"Over Barbara Fritchie's grave,
Flag of Freedom and Union, wave!"
John Greenleaf Whittier
From the poem, entitled "Barbara Frietchie,"
Atlantic Monthly magazine, October, 1863
Barbara Fritchie's 96 years of life spanned our country's history including three major conflicts on American soil. Born Barbara Hauer in 1766, Ms. Fritchie moved with her family to Frederick from Lancaster, Pennsylvania. The wife of a glove-maker, her long life was humble and frugal, typical of German settlers of the period.

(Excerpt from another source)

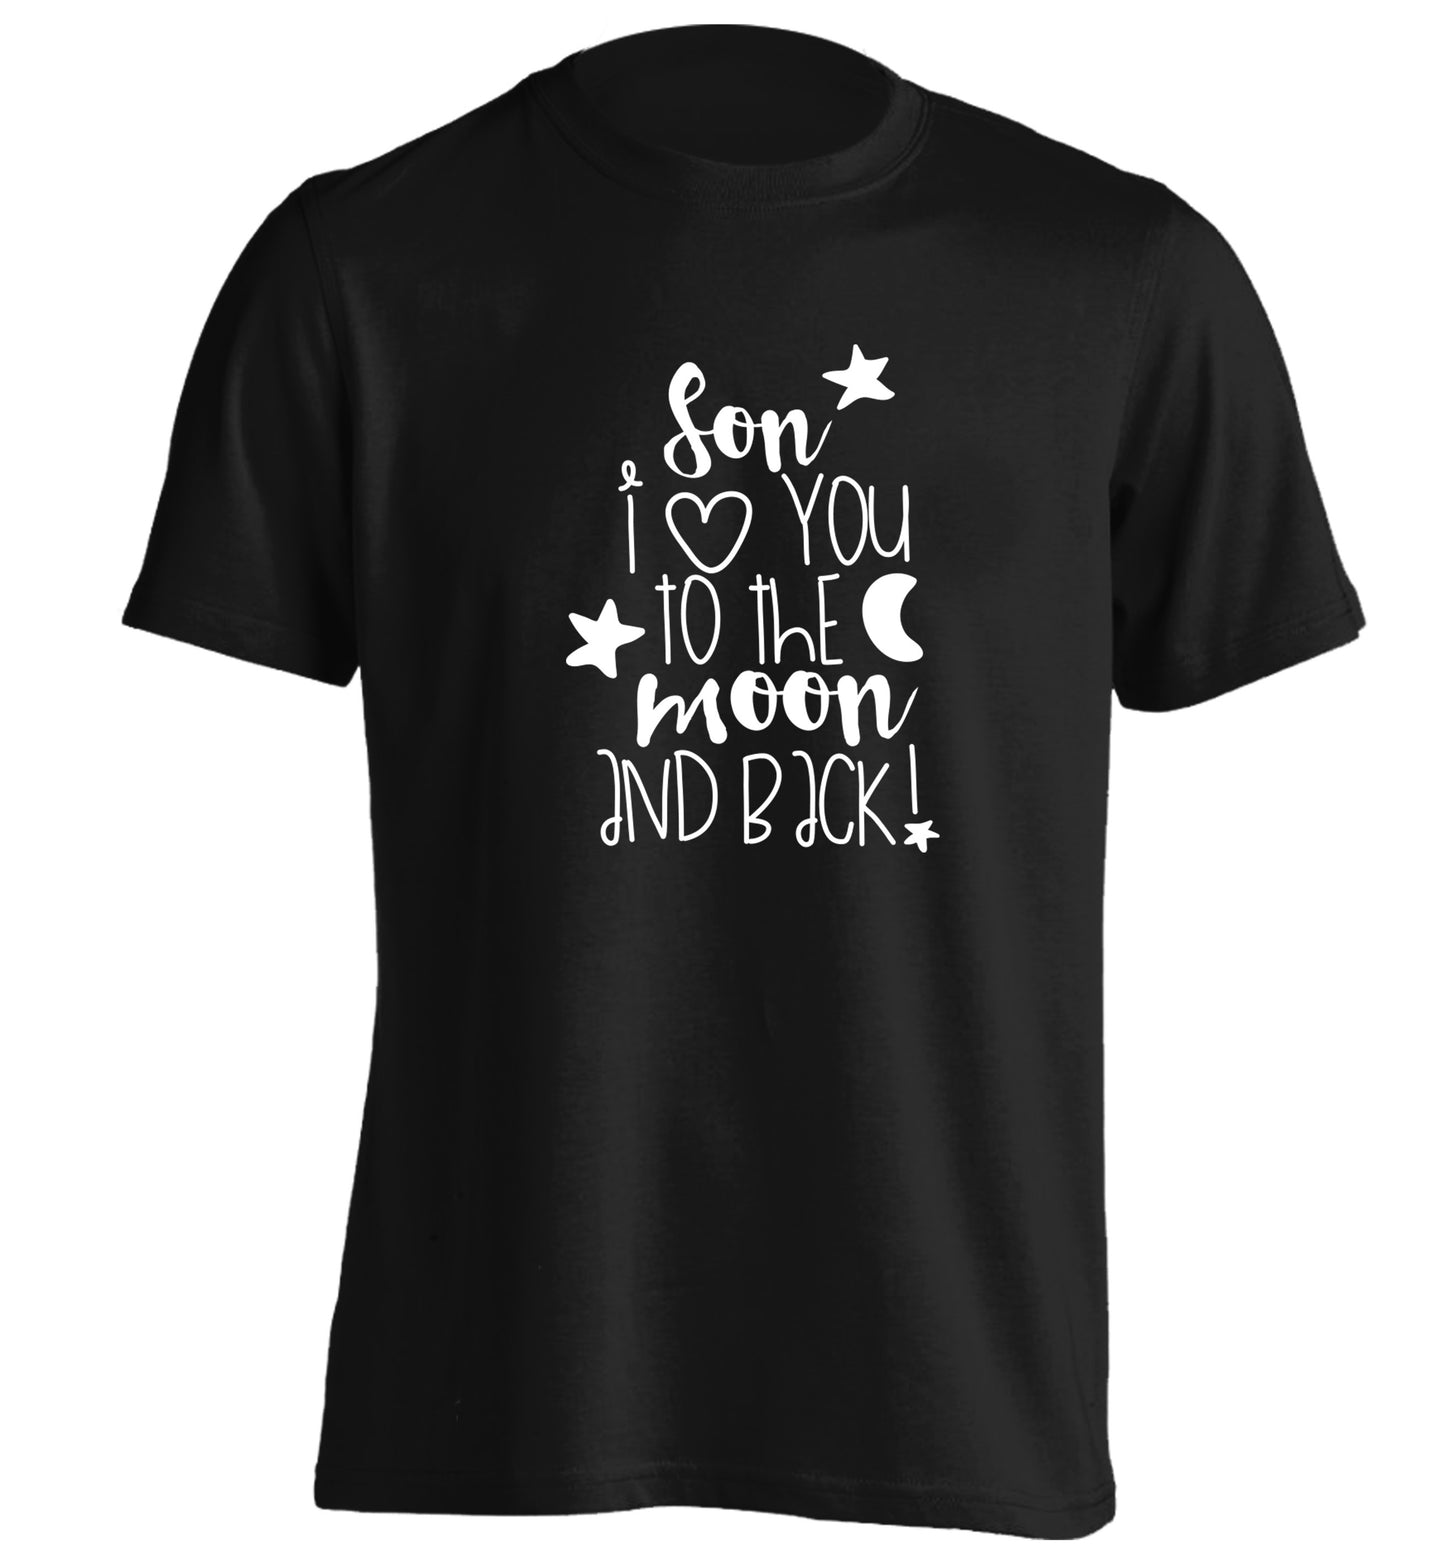 Son I love you to the moon and back adults unisex black Tshirt 2XL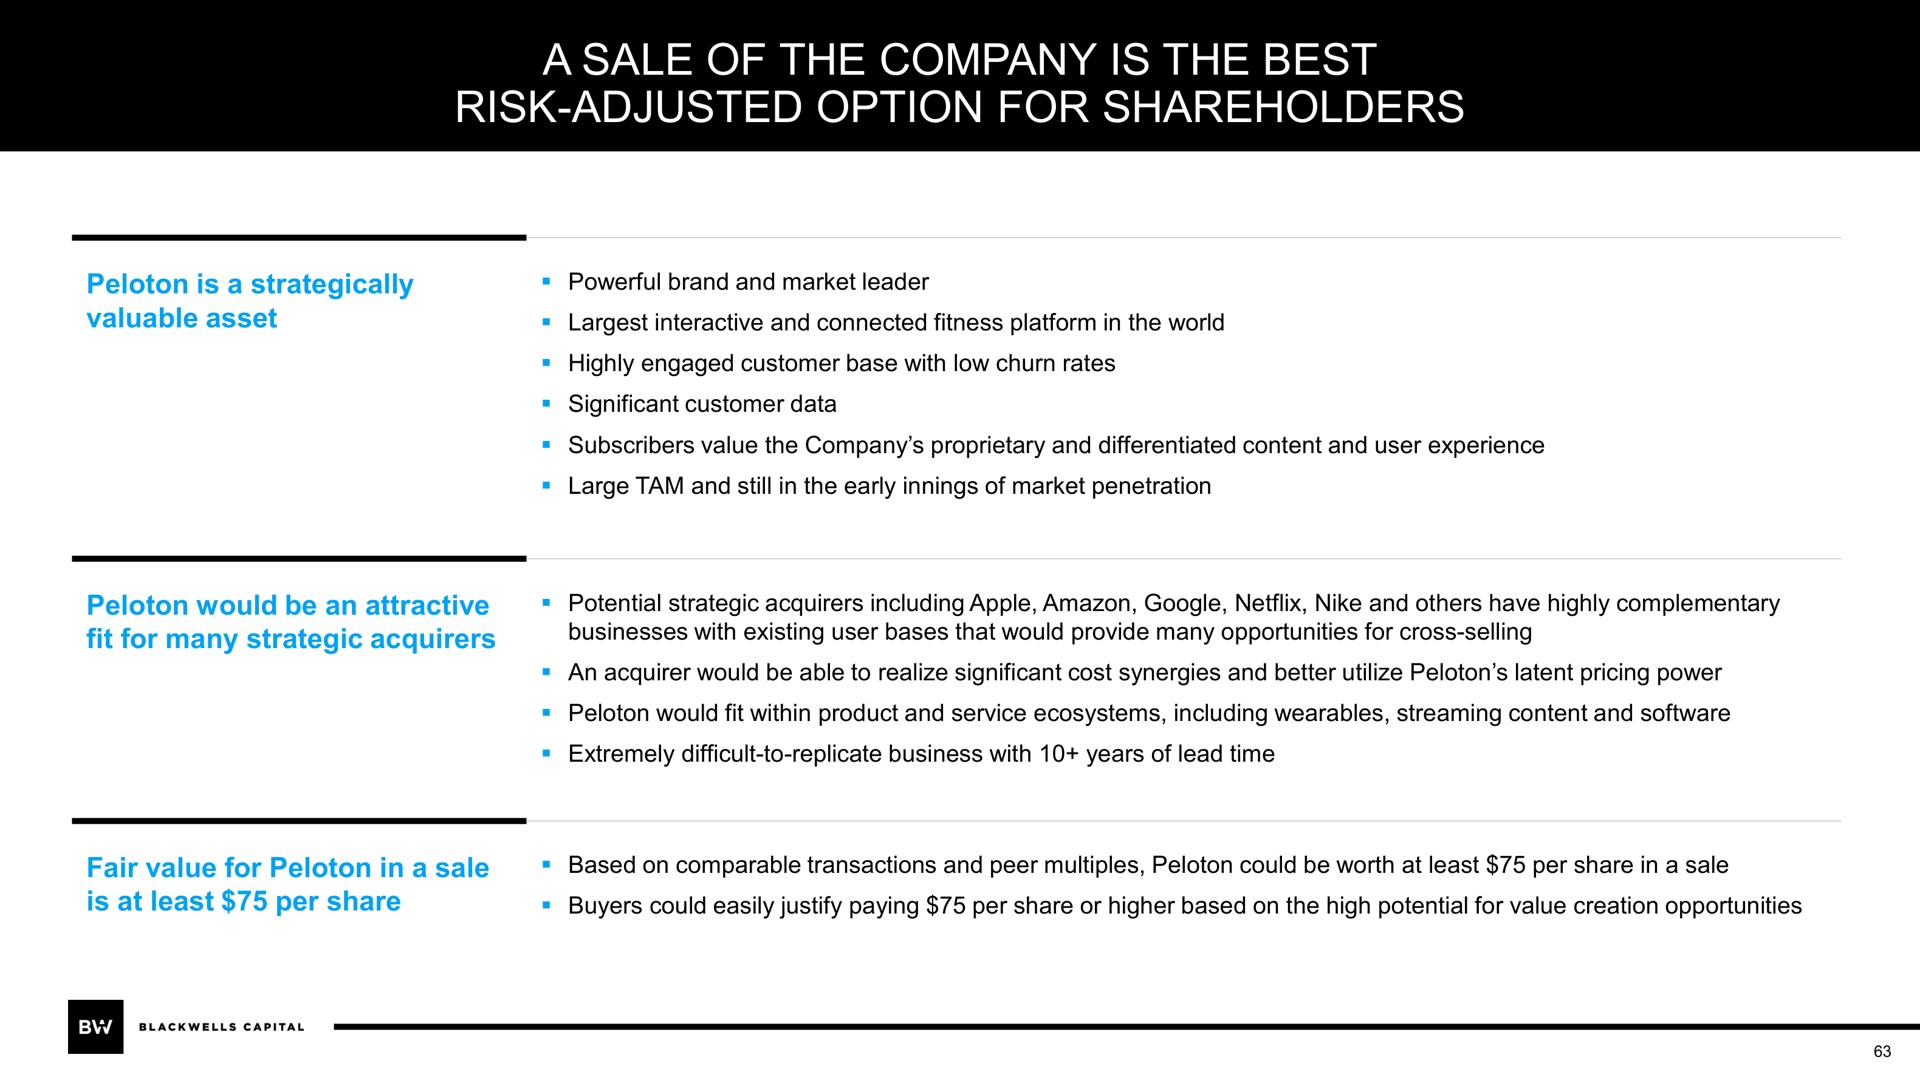 a sale of the company is the best risk adjusted option for shareholders | Blackwells Capital

"Barbara Frietchie," a poem written by John Greenleaf Whittier of Massachusetts, was based on a story told to the author relating to the 1862 invasion of Maryland during the American Civil War by Gen. Robert E. Lee's Army of Northern Virginia. The Confederates, along with their legendary general Thomas J. "Stonewall" Jackson, occupied Frederick in early September, hoping to garner supplies and support for the Rebel cause. Whittier's poem created a patriotic fervor in the North, making household names out of Barbara Fritchie and Frederick, Maryland in the process. The poem is still considered one of the best examples of American poetry, inspiring countless visitors to seek "the clustered spires
of Frederick Town," the Fritchie house, and Dame Barbara's final resting spot.